* [Problem description]
Exactly reproduce the lines from the line bearing "Photoworkx, provadafotograaf.nl" through the end of the listing, inclusive of both; pictures are to be omitted.

* [Supplied data]
+++
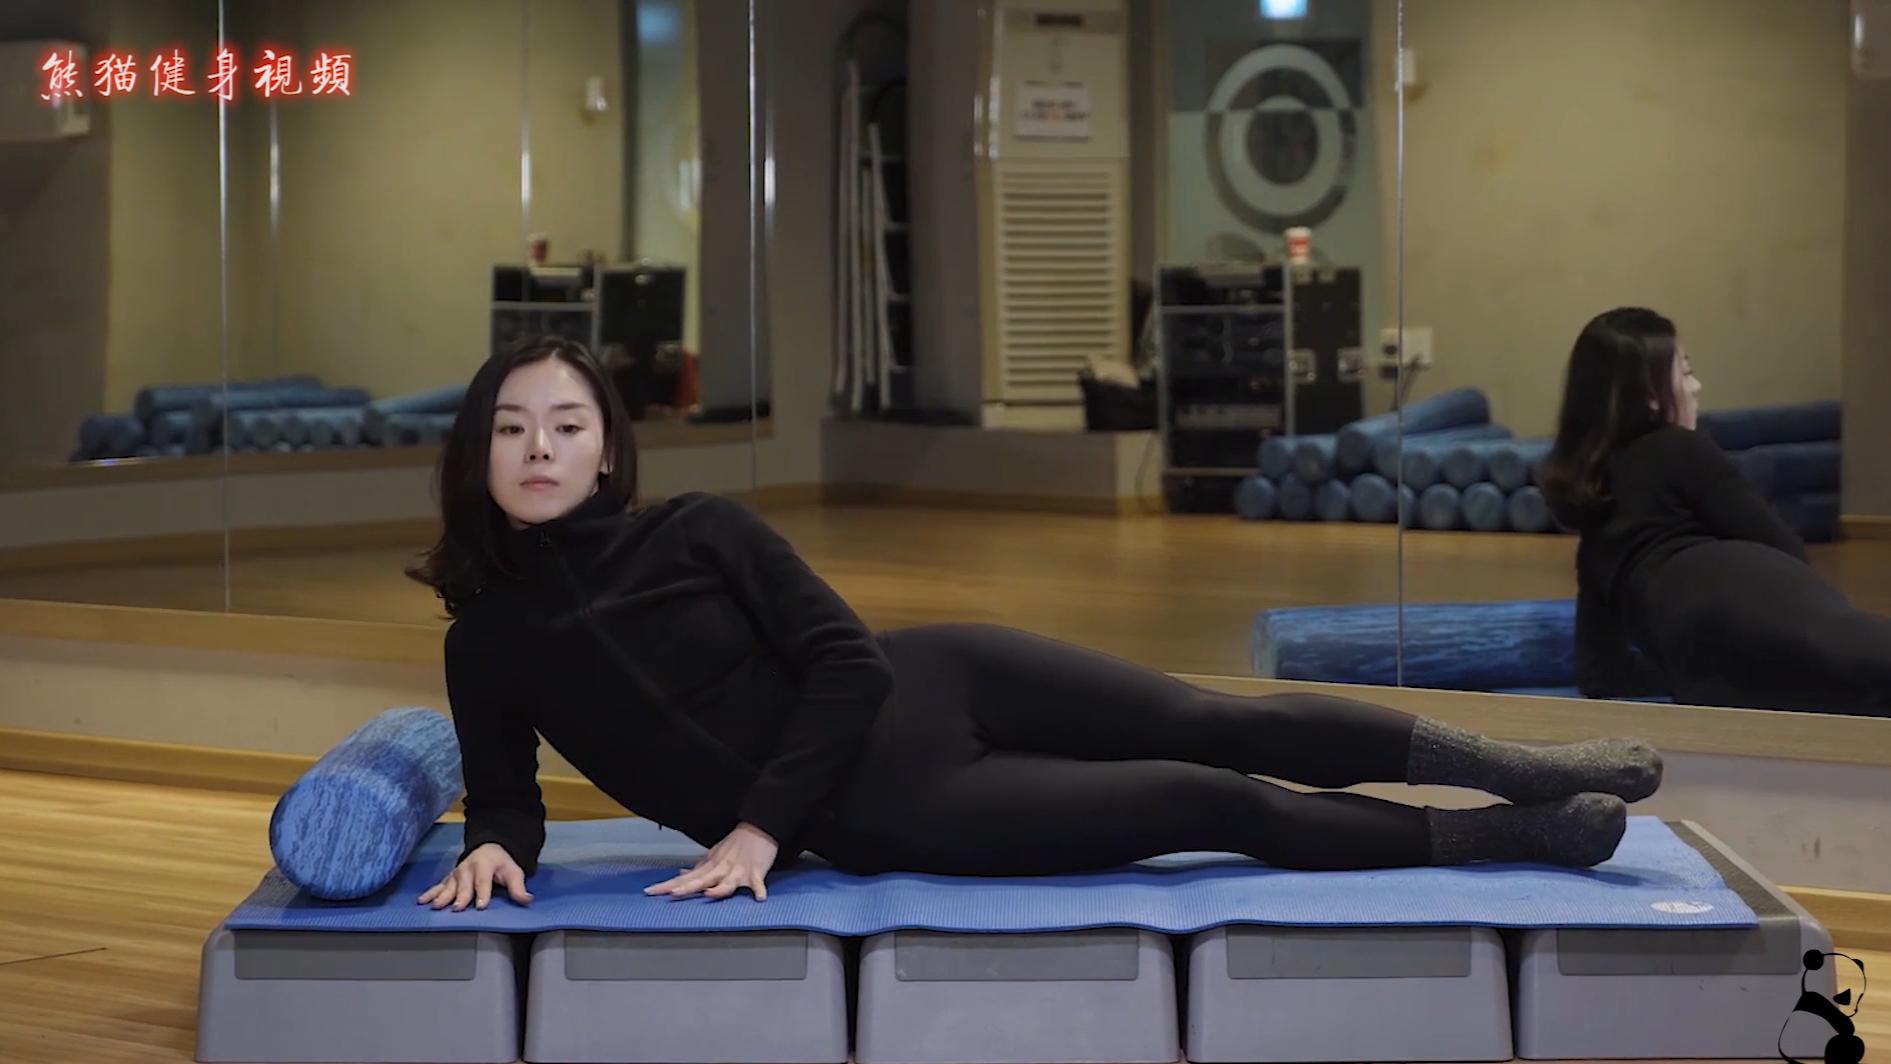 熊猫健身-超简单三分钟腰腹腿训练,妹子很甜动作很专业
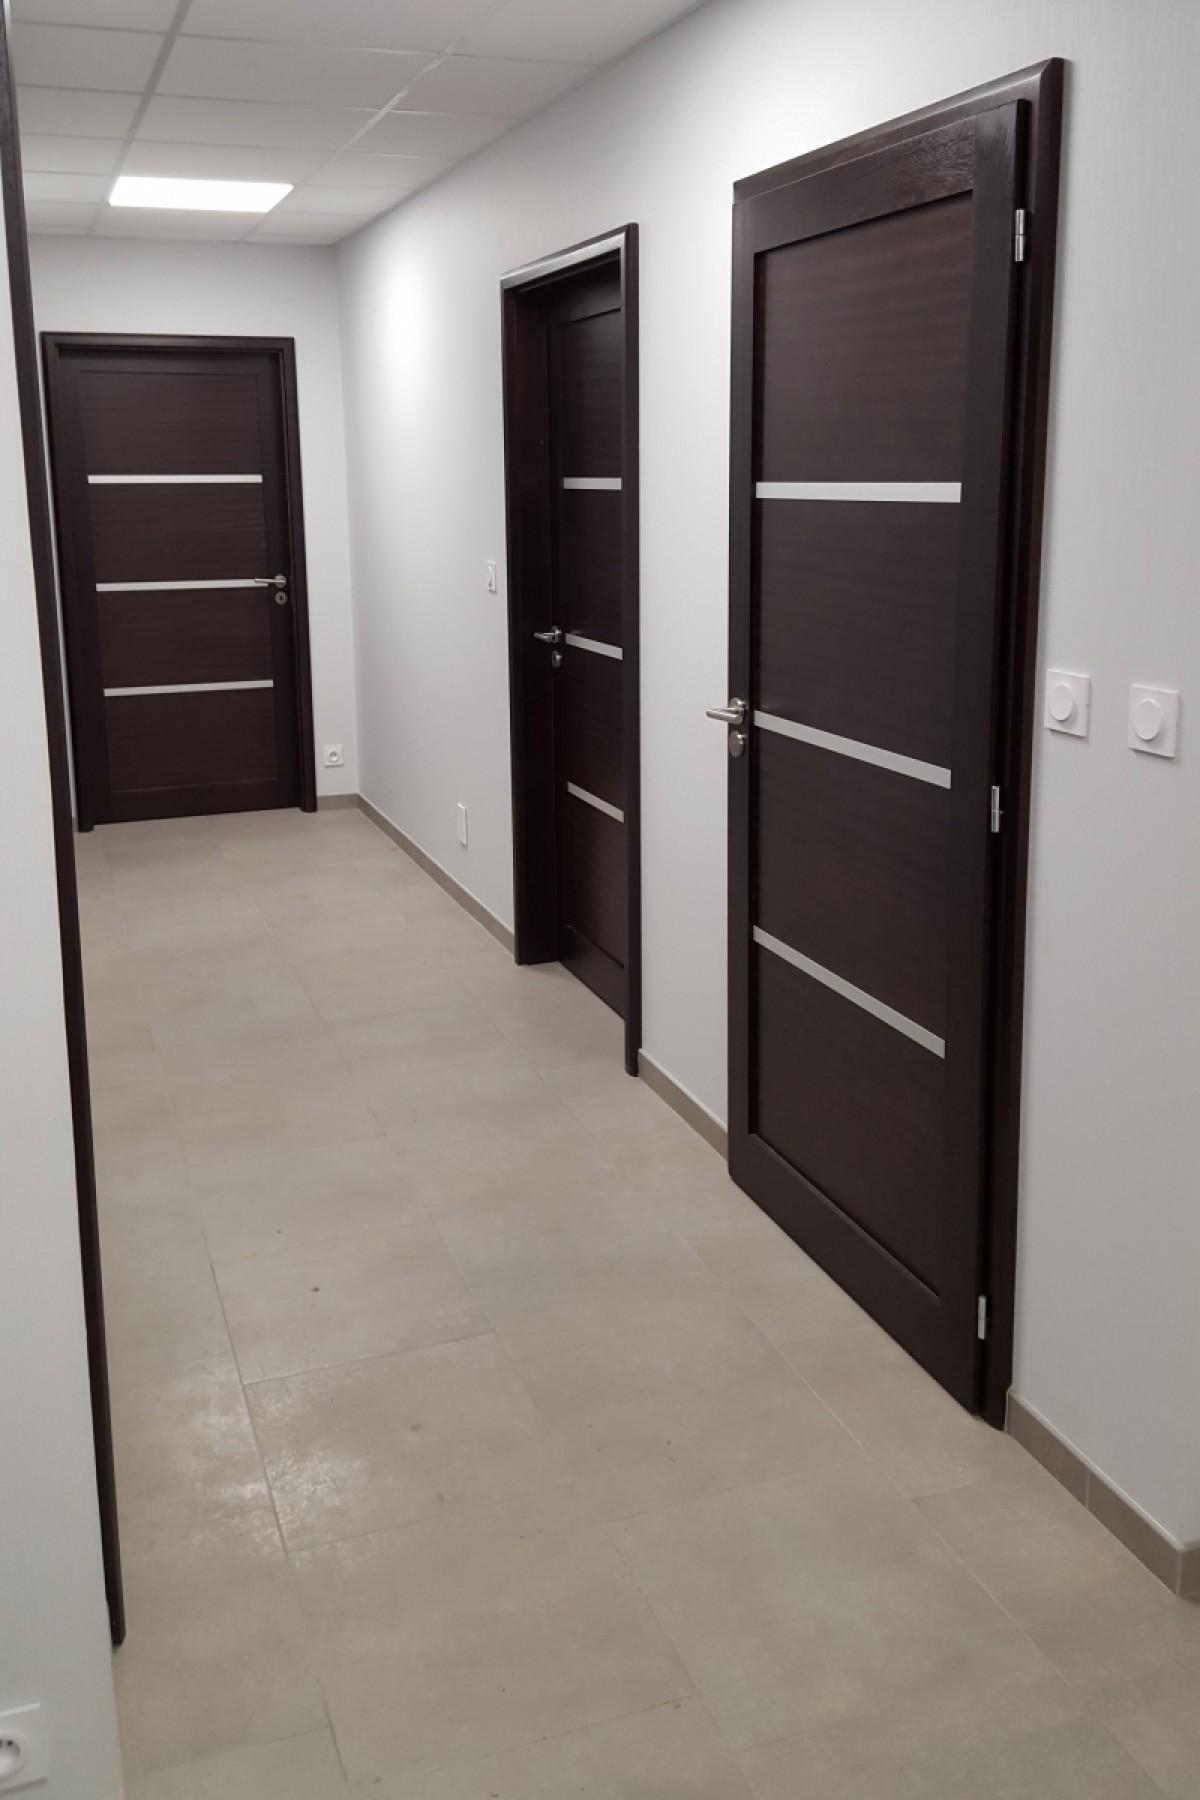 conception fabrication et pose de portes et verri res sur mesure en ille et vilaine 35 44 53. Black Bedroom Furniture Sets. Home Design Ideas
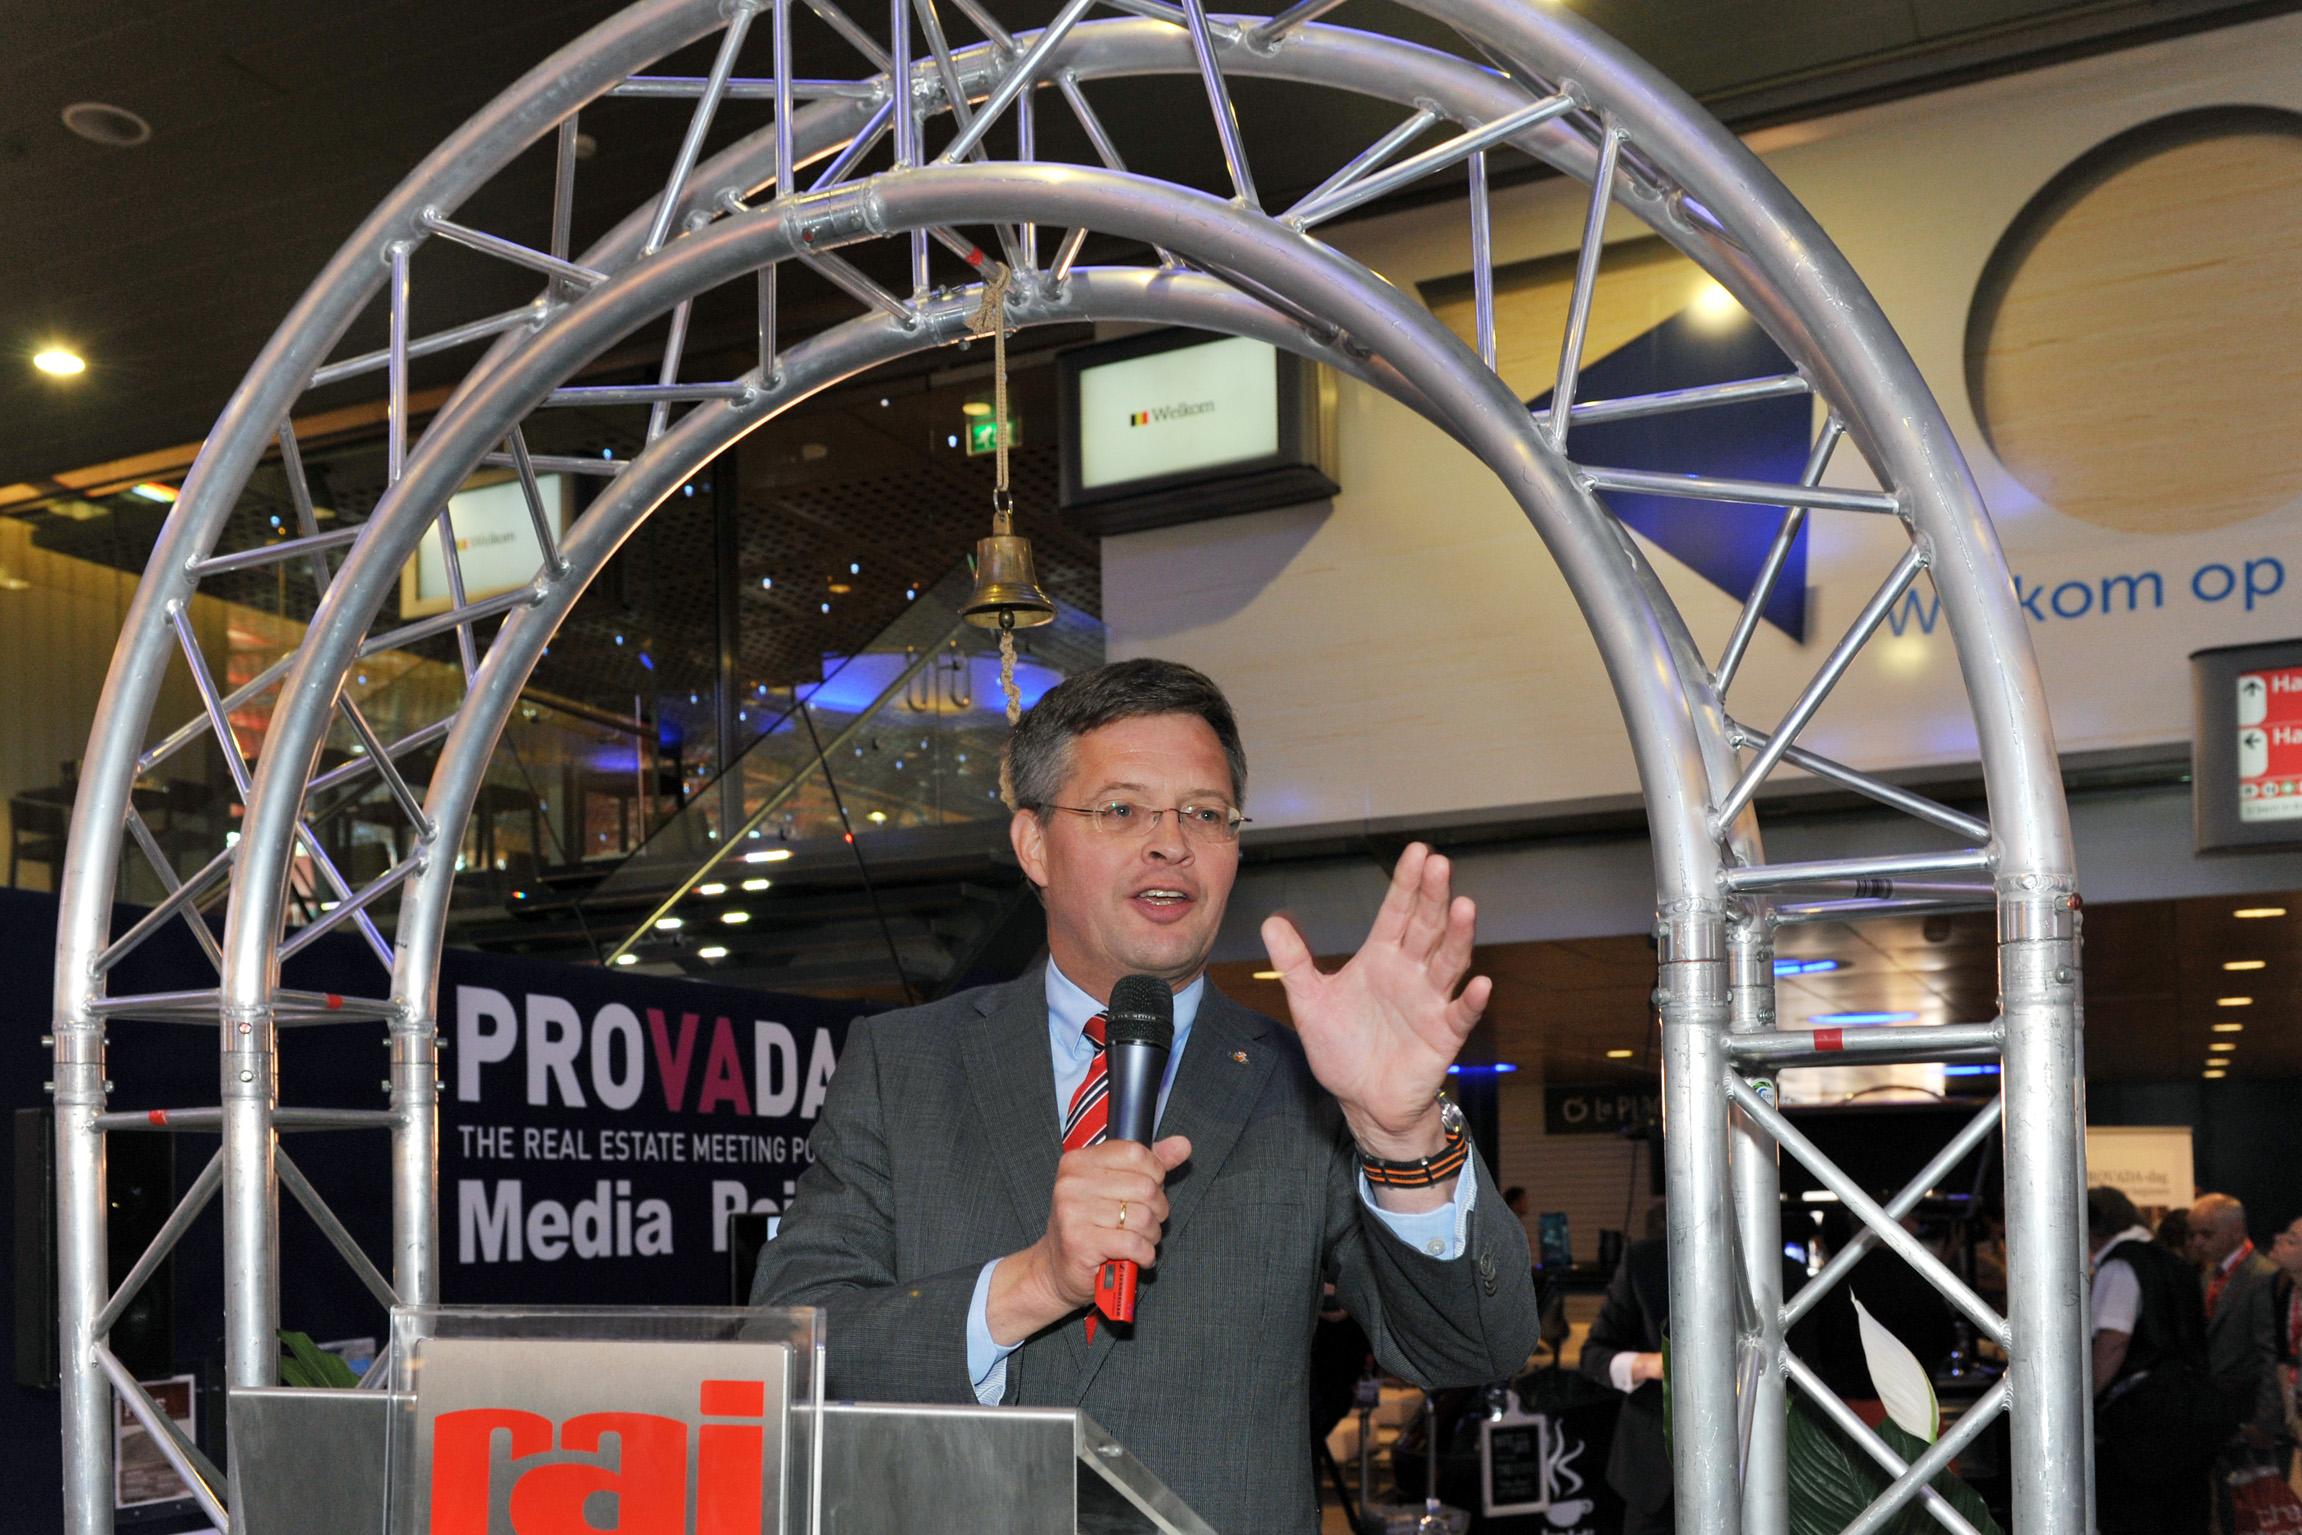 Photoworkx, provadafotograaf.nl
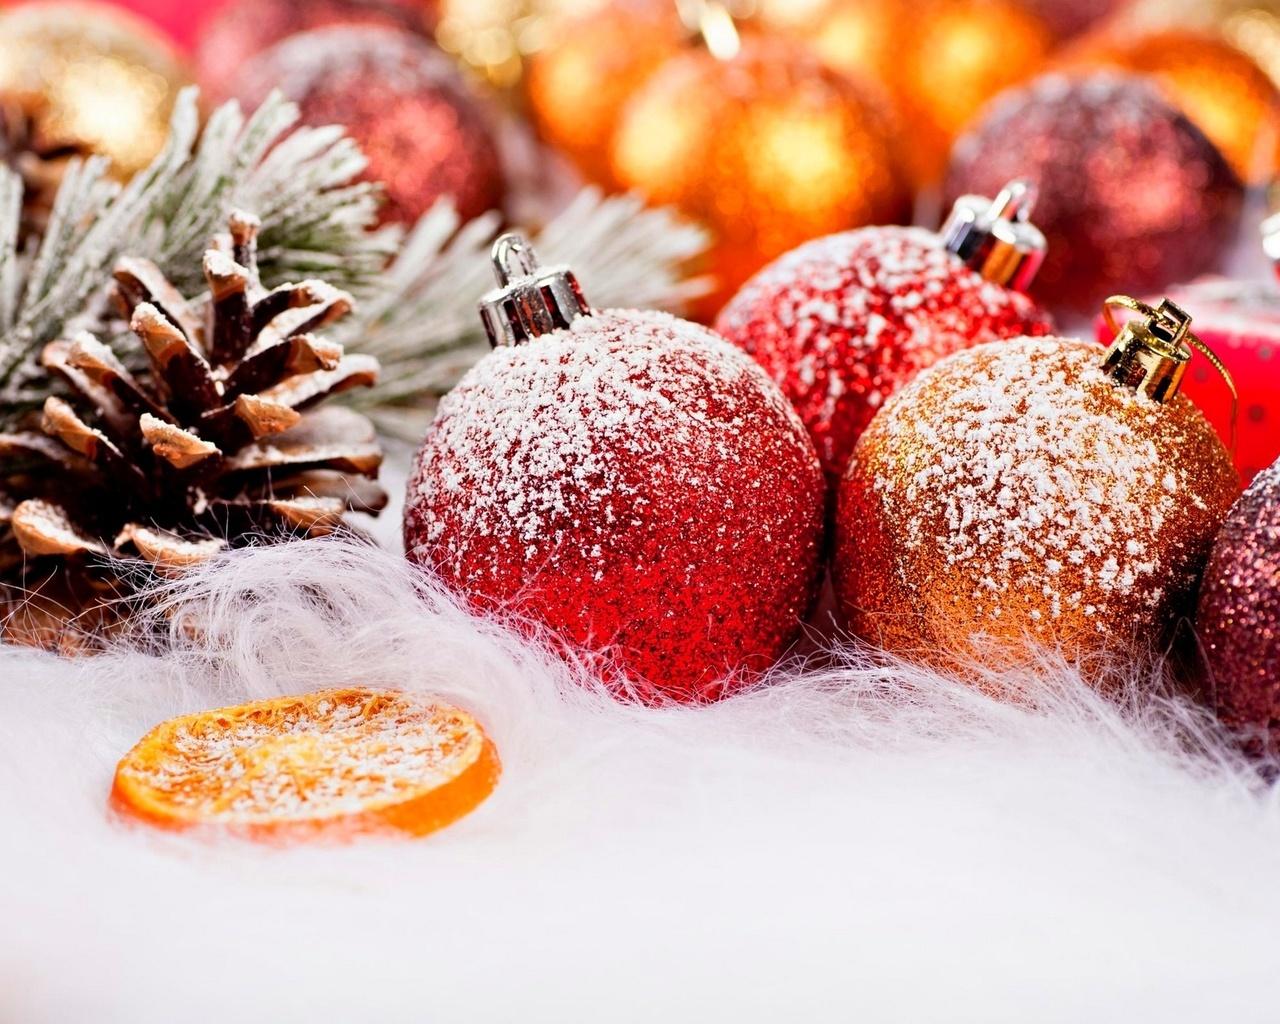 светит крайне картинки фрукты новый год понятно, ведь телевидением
+++
* [Result of this task]
 Photoworkx, provadafotograaf.nl
 светит крайне картинки фрукты новый год понятно, ведь телевидением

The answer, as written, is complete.